# Exercise details
Below are records with pictures in them. Output exactly the lines from the one with "[READ]-Programmieren lernen mit" through the one with "Bilyana Golf-Sueno Hotels Golf, Belek", both included, and leave every picture out; give only those lines.

# Information given
------------------------------------

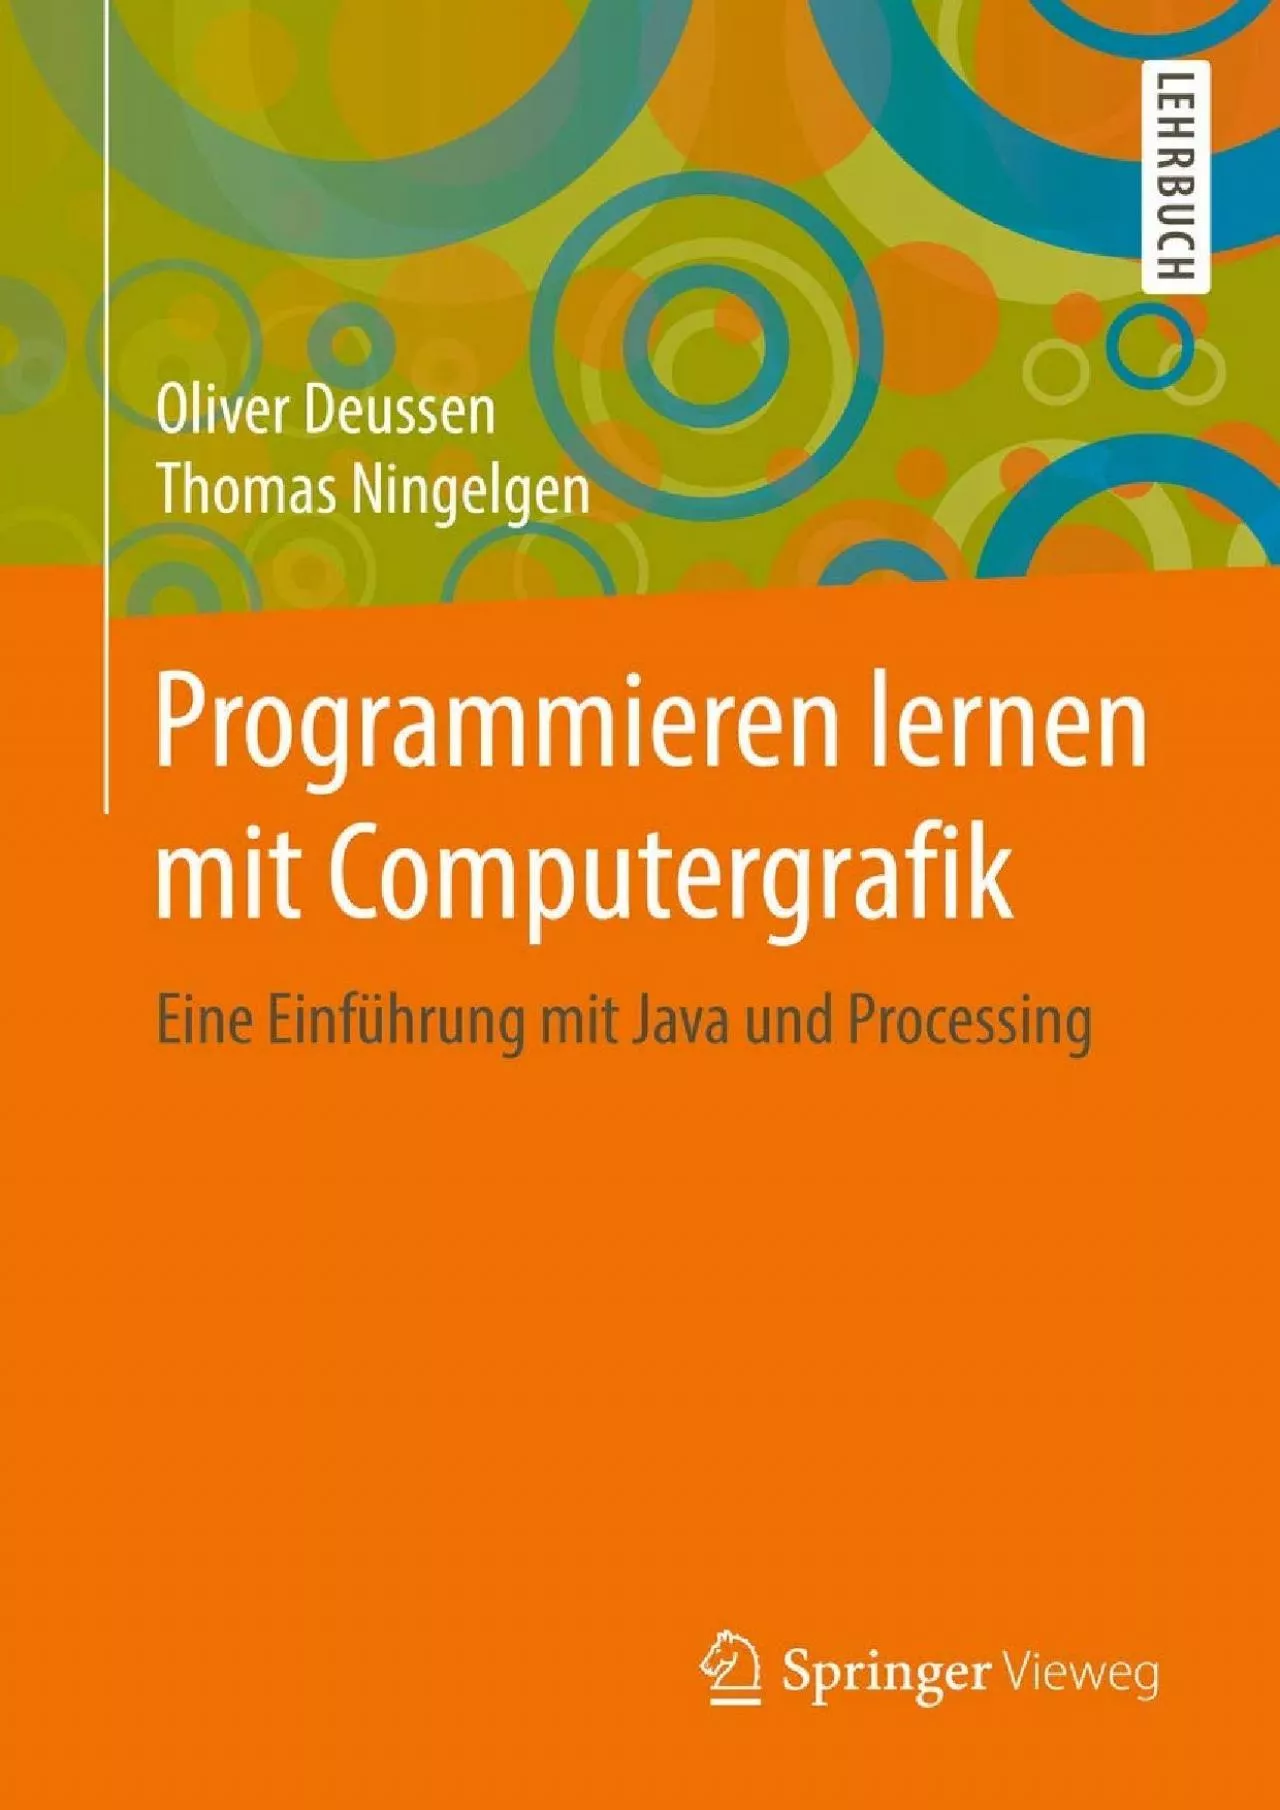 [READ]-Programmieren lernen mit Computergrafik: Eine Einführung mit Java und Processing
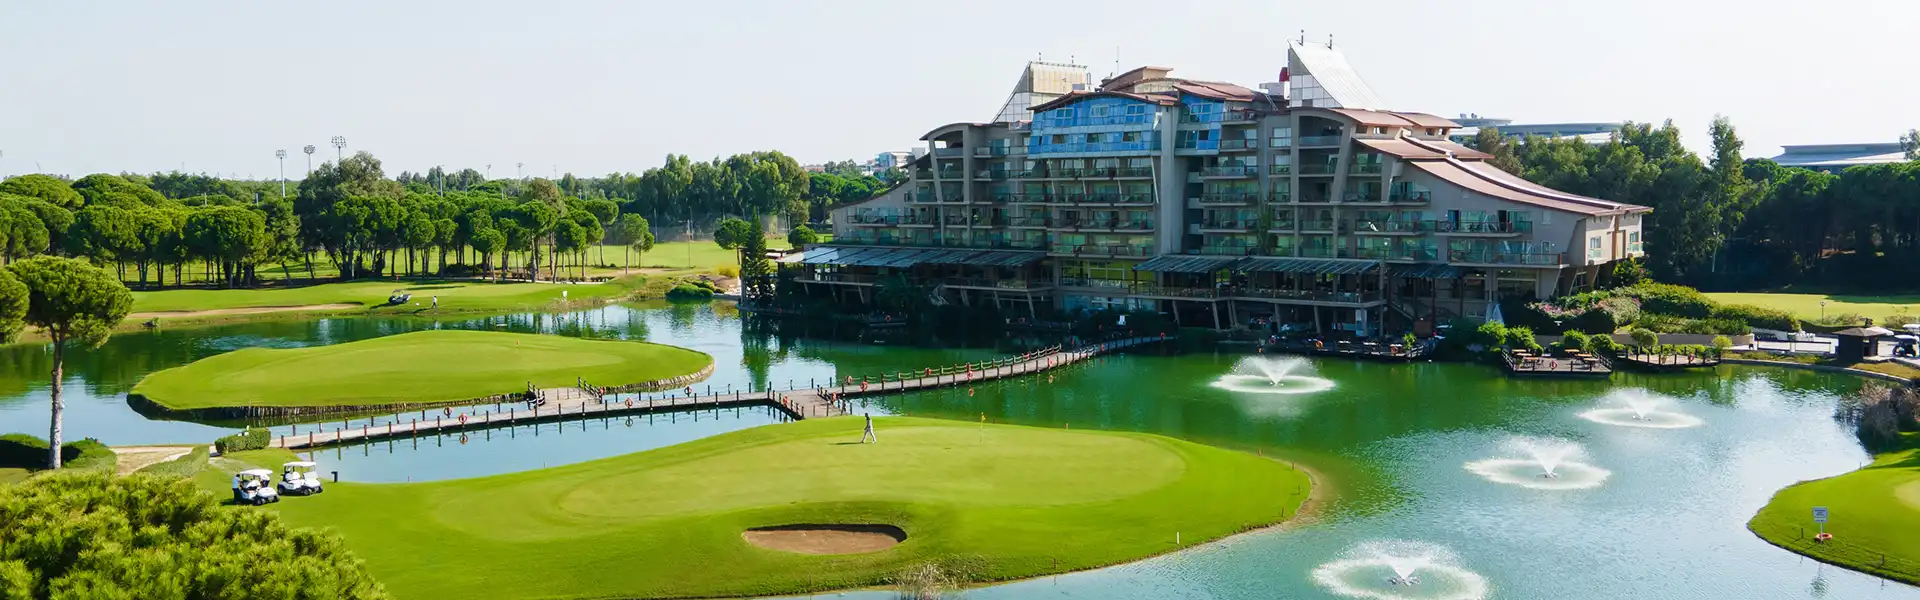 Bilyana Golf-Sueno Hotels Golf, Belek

------------------------------------

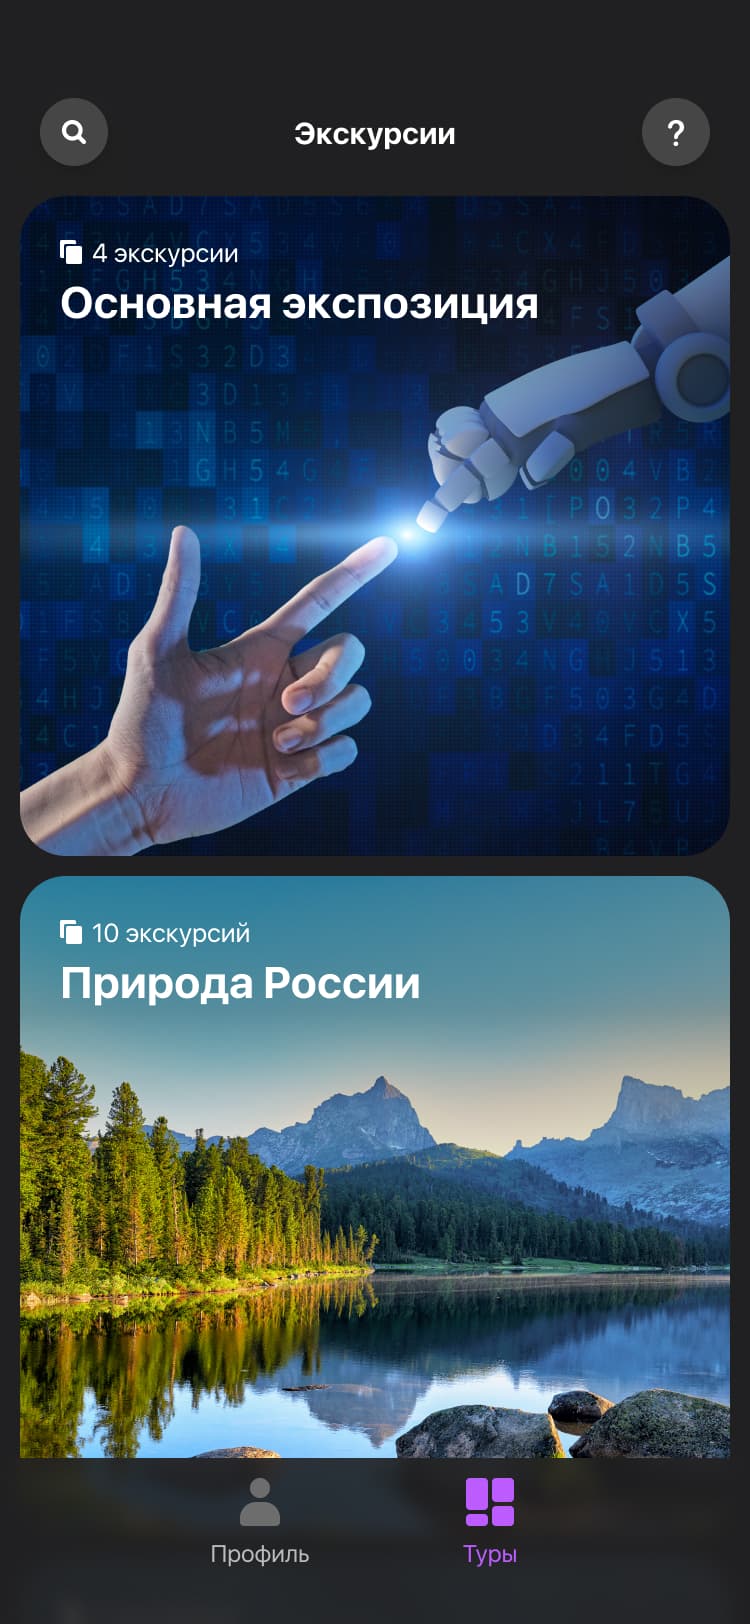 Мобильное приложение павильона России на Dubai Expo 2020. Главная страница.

------------------------------------

# Finished task
 [READ]-Programmieren lernen mit Computergrafik: Eine Einführung mit Java und Processing
 Bilyana Golf-Sueno Hotels Golf, Belek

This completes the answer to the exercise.